Exact reproduction of the listing is required. Pictures are not reproduced.

STORED DATA
((
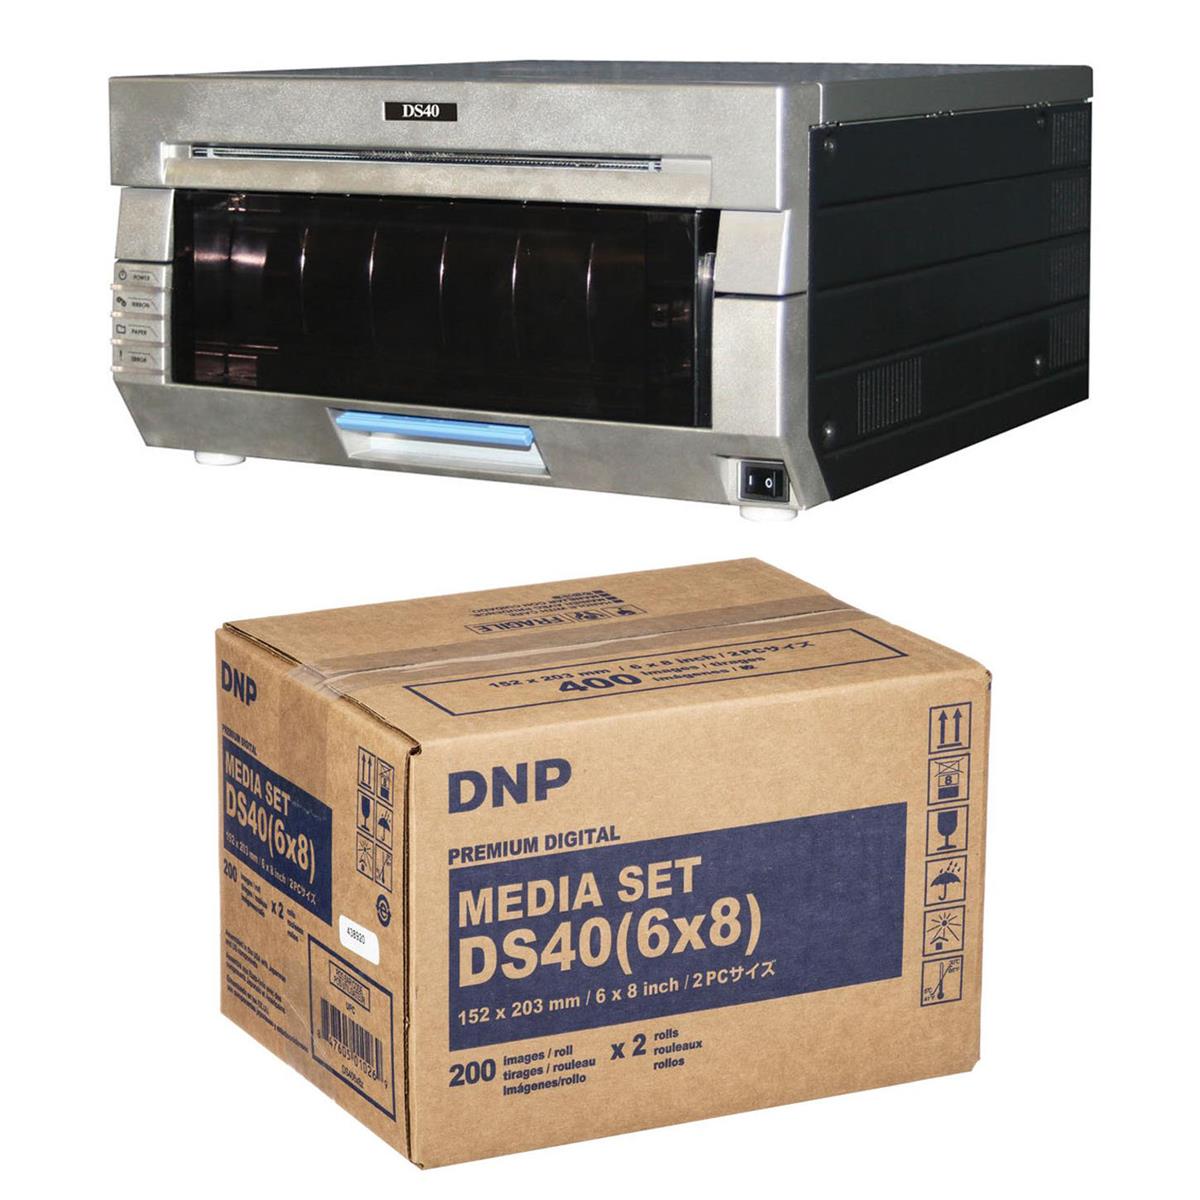 

DNP DS40 Dye Sub Pro Color Photo Printer, Refurbished with 6x8" Print Pack
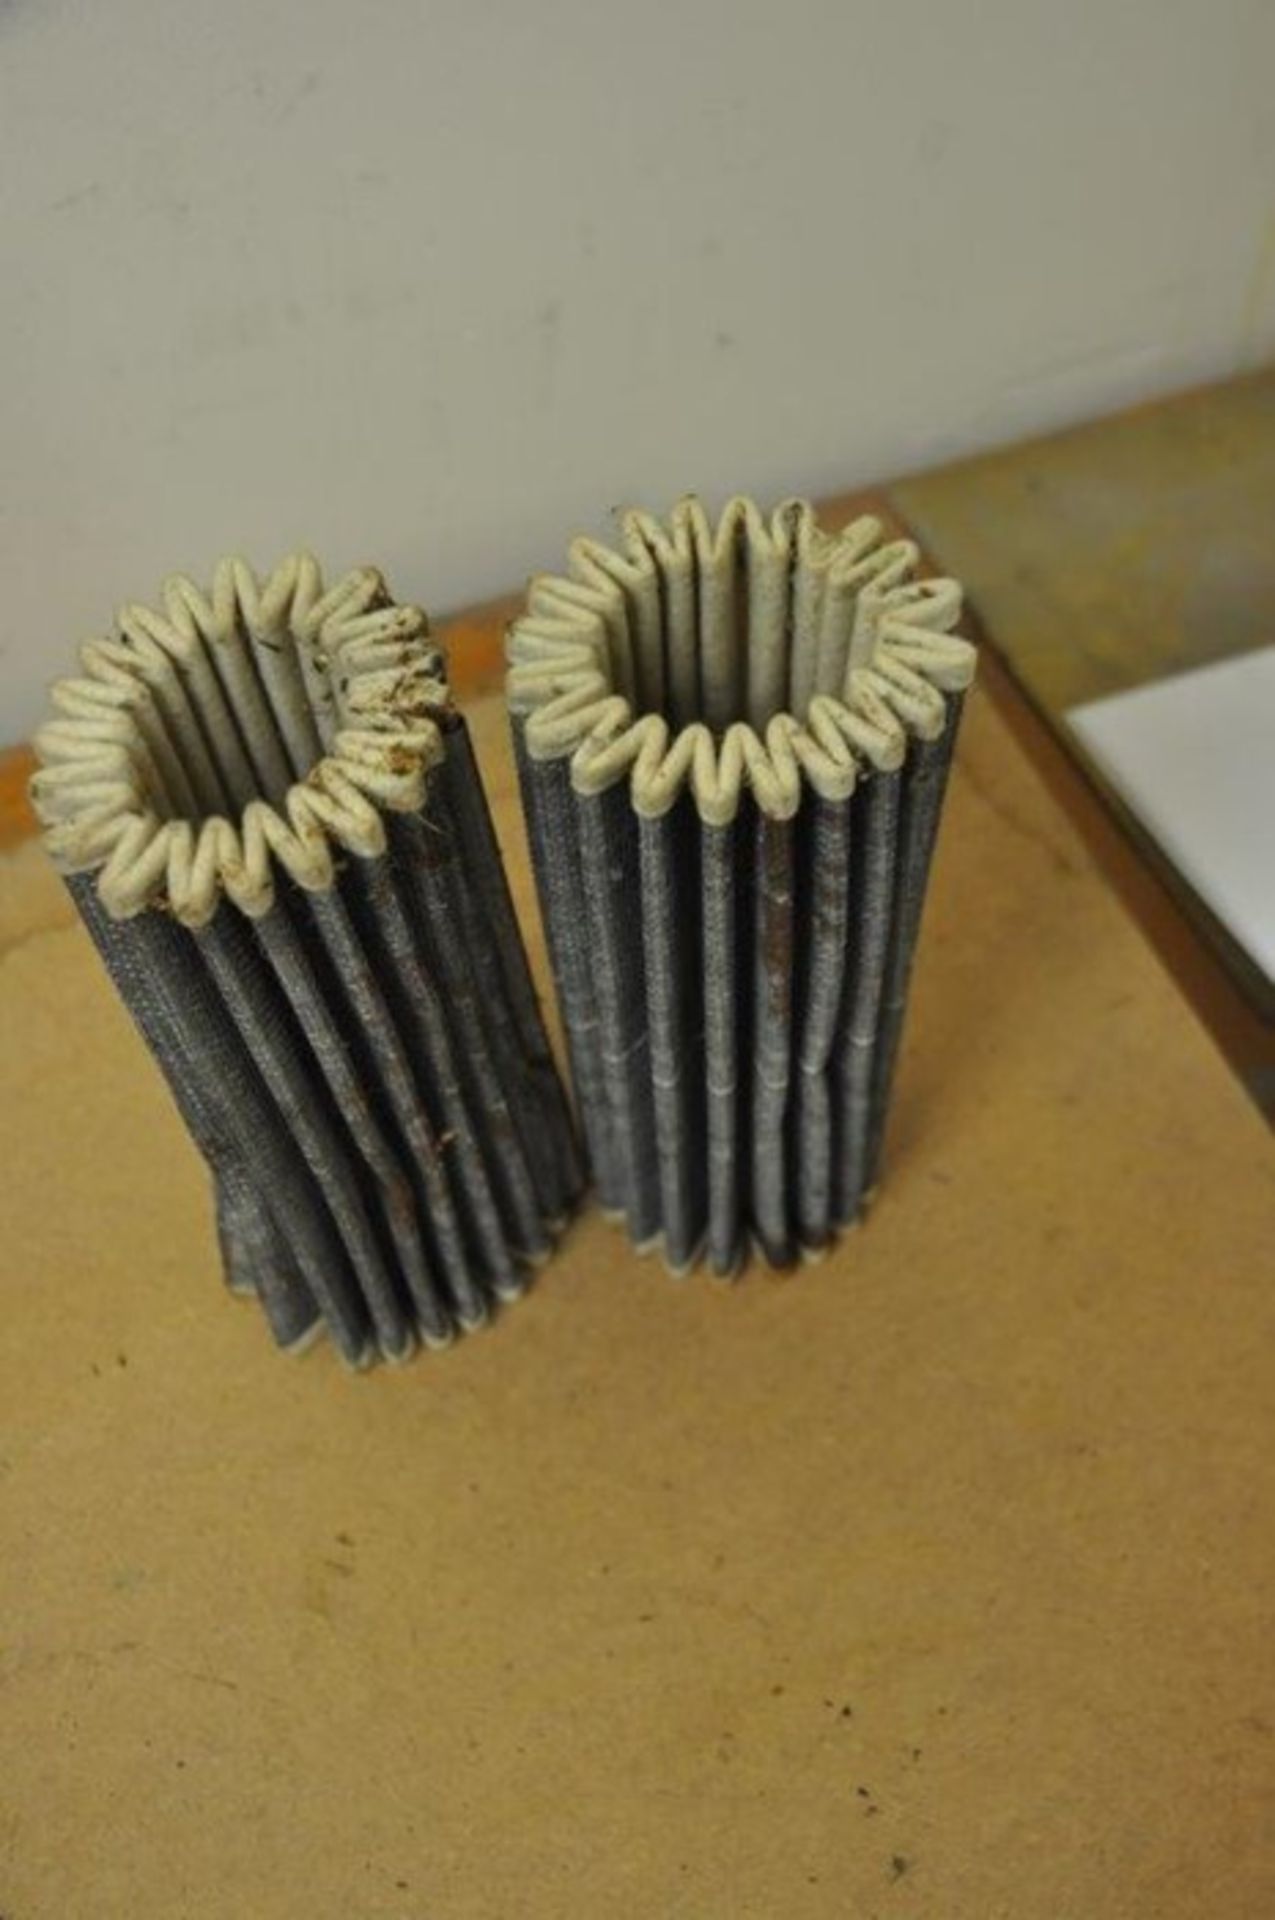 2 Mesh Wire Cloth Rolls - Image 2 of 2
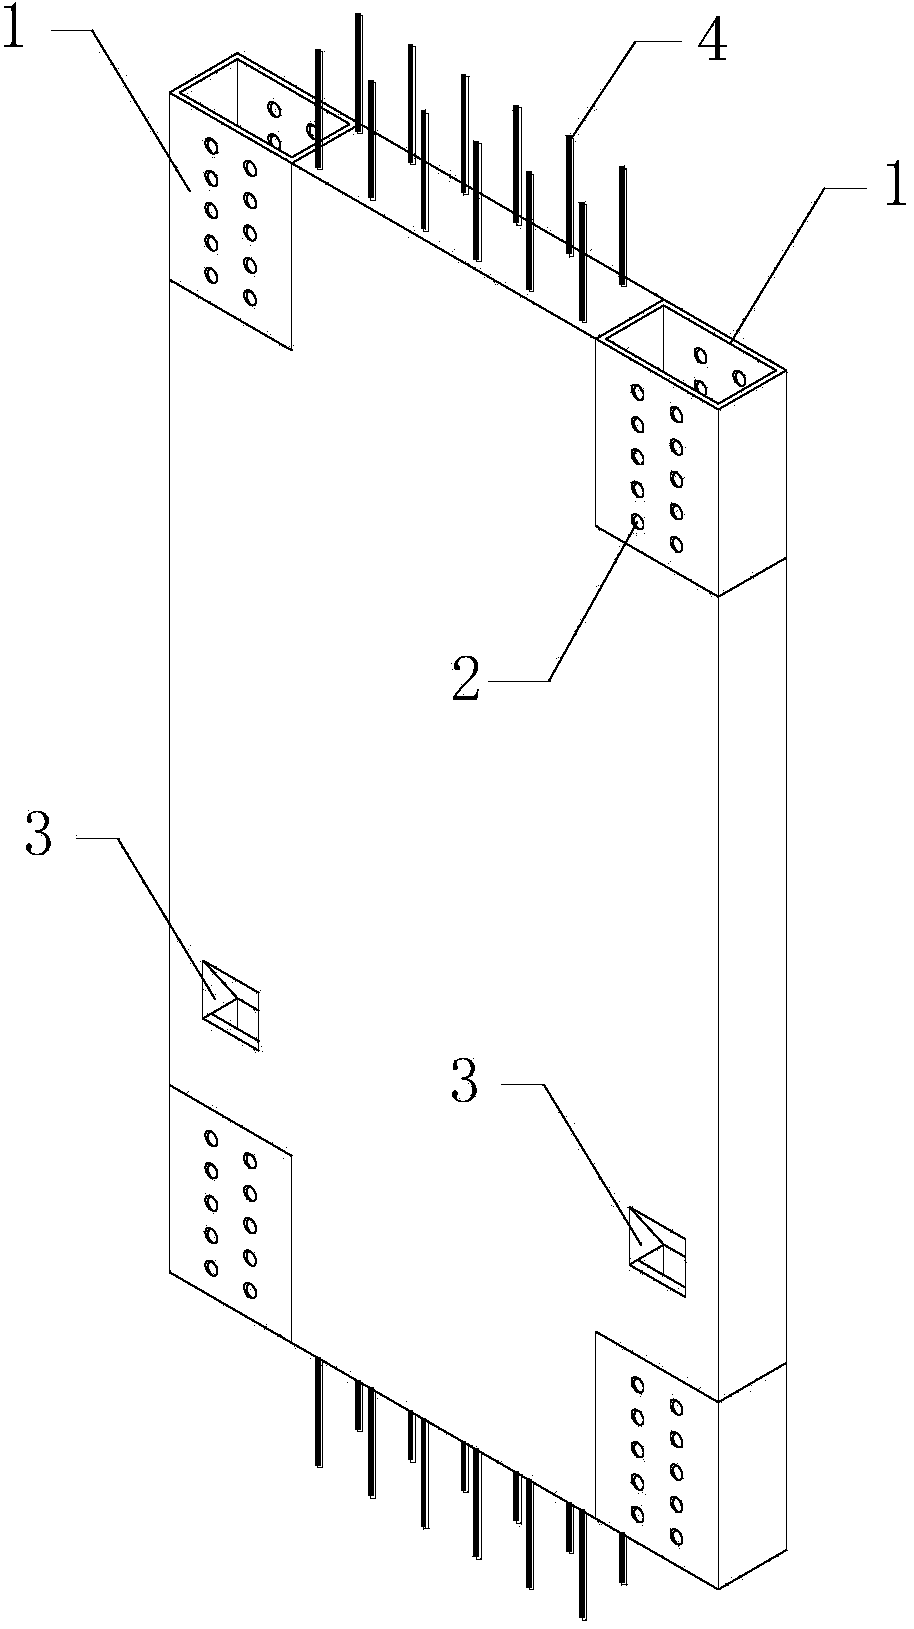 Assembled shear wall and wall-beam connecting structure with edge restraining component
))
REPLY TO THE TASK
DNP DS40 Dye Sub Pro Color Photo Printer, Refurbished with 6x8" Print Pack
 2 Mesh Wire Cloth Rolls - Image 2 of 2
 Assembled shear wall and wall-beam connecting structure with edge restraining component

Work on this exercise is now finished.